FROM nvidia/cuda:12.6.3-devel-ubuntu22.04

PyTorch 2.6+ ships with Volta support, vLLM works on V100 with FP16 and AWQ-INT4, and llama.cpp's CUDA backend handles sm_70 correctly when built with CUDA 12.x.

Recompiling llama.cpp for V100

llama.cpp must be built with CUDA architecture 70 explicitly included. If the build targets only compute_86 (Ampere) or higher, the kernels won't execute on the V100 and you'll get CUDA error: CUDA-capable device(s) is/are busy or unavailable, which actually means "no compatible kernels found".

Build inside a CUDA 12.6 container:

cmake -B build \
    -DGGML_CUDA=ON \
    -DCMAKE_CUDA_ARCHITECTURES="70" \
    -DCMAKE_BUILD_TYPE=Release

cmake --build build --config Release -j$(nproc)

For mixed setups (V100 + Ampere card in the same machine), include both architectures:

-DCMAKE_CUDA_ARCHITECTURES="70;86"

Here, 70 covers V100 (Volta), 86 covers RTX 3090 (Ampere). The resulting binary contains kernels for both and dispatches at runtime.

Verify the build picked up Volta. When llama-server starts, it prints a system_info line that includes the compiled architectures:

system_info: ... CUDA : ARCHS = 70;86 | USE_GRAPHS = 1 | ...

If ARCHS = 860 only, the V100 will not work.

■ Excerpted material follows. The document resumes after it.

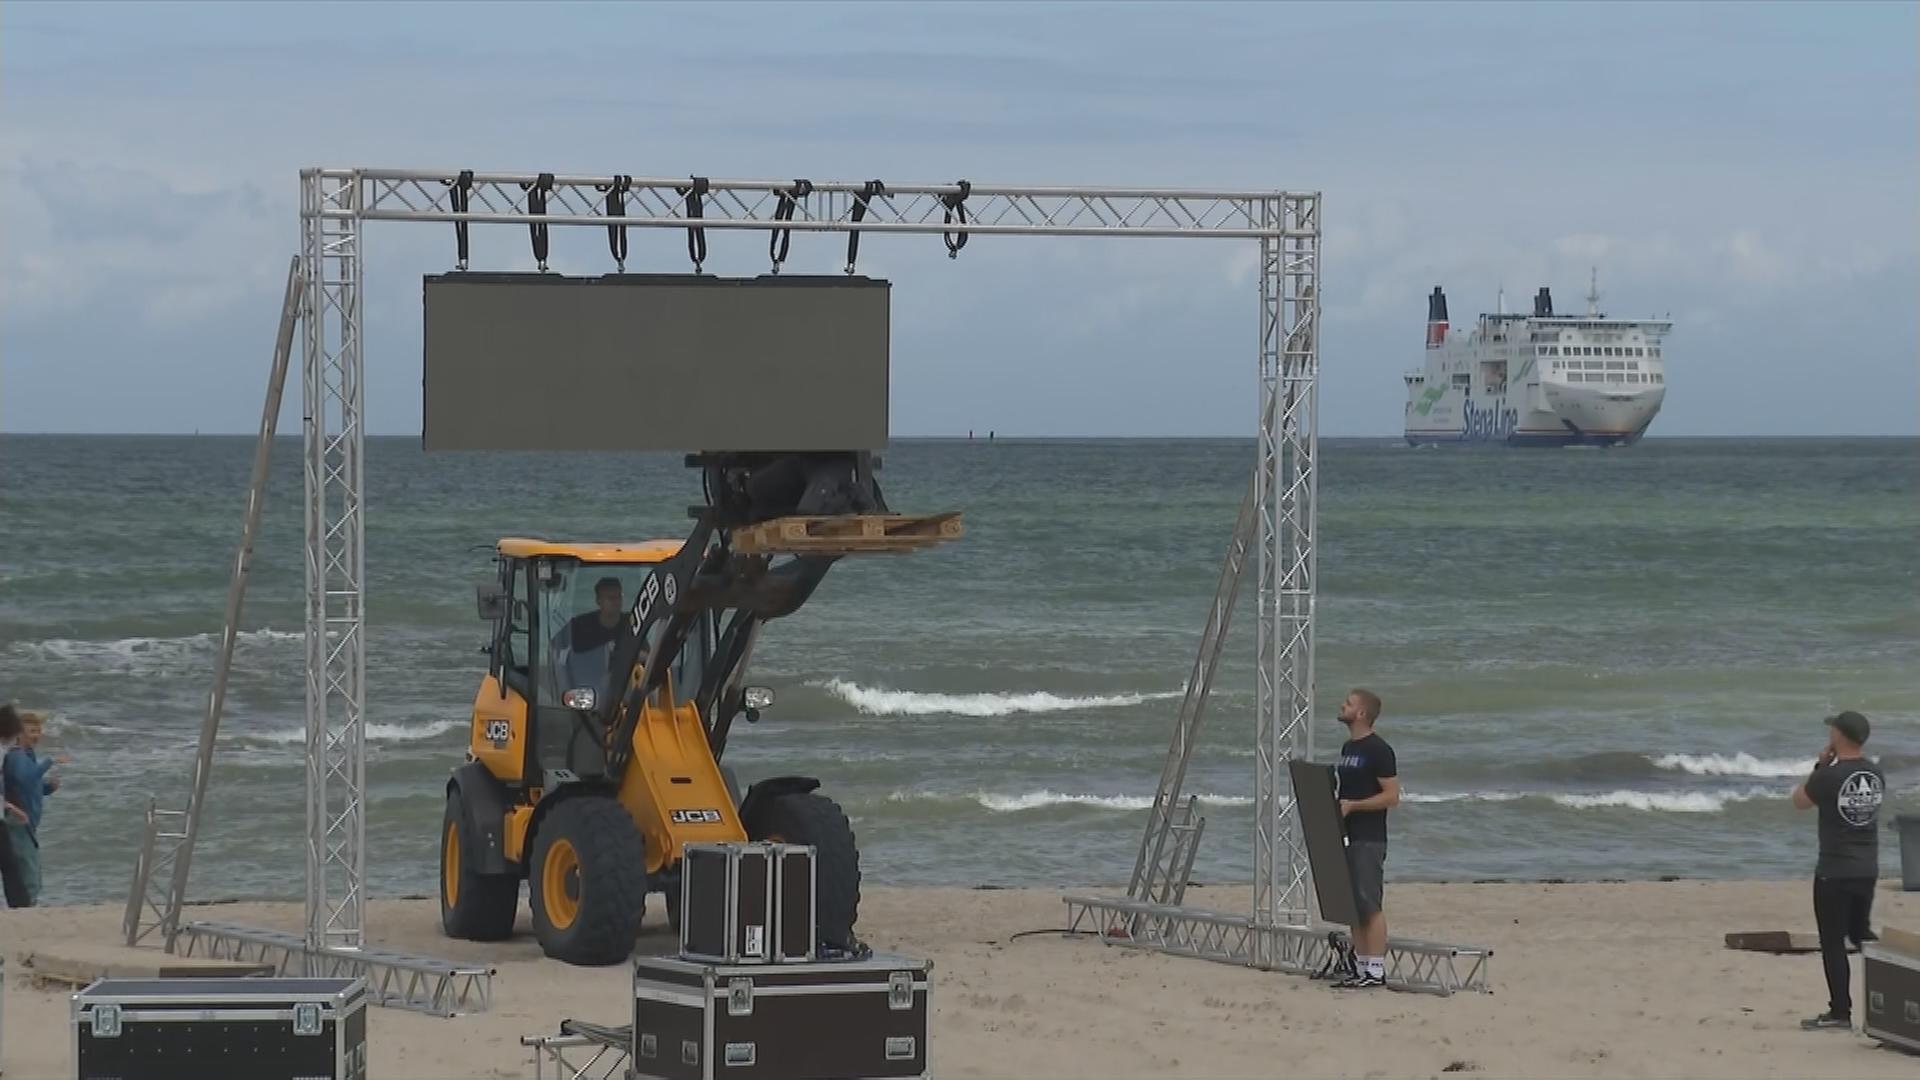 Am Strand in Warnemünde wird die Leinwand für das Public Viewing aufgebaut.

A note on stale builds: if you previously built against a different CUDA version, wipe the build directory before rebuilding. Stale CMake dependency files reference old toolkit paths and produce obscure linker errors like No rule to make target '/usr/local/cuda-13.2/targets/x86_64-linux/lib/libcudart.so':

rm -rf build/
cmake -B build -DGGML_CUDA=ON -DCMAKE_CUDA_ARCHITECTURES="70" ...

Docker GPU passthrough

The NVIDIA Container Toolkit enables GPU access from Docker containers via the --gpus flag.

Install on Fedora 44:

sudo dnf install nvidia-container-toolkit

The package comes from NVIDIA's official repository. If dnf can't find it, add the repo:

curl -s -L https://nvidia.github.io/libnvidia-container/stable/rpm/nvidia-container-toolkit.repo | \
    sudo tee /etc/yum.repos.d/nvidia-container-toolkit.repo
sudo dnf install nvidia-container-toolkit

Configure the Docker runtime:

sudo nvidia-ctk runtime configure --runtime=docker
sudo systemctl restart docker

This edits /etc/docker/daemon.json and adds the nvidia runtime:

{
    "runtimes": {
        "nvidia": {
            "args": [],
            "path": "nvidia-ctk"
        }
    }
}

Test passthrough:

sudo docker run --rm --gpus all nvidia/cuda:12.6.3-base-ubuntu22.04 nvidia-smi

If this prints the same GPU list as the host's nvidia-smi, passthrough works.

Conclusion

The V100 remains a cost-effective option for local LLM inference in 2026, provided you accept the constraints of an end-of-life architecture. The driver and CUDA toolkit version requirements are easy to miss but trivial to address once known. Driver 580 LTSB combined with CUDA 12.6 in containers gives a stable, well-supported stack through at least June 2028, more than enough time to extract value from cheap used hardware.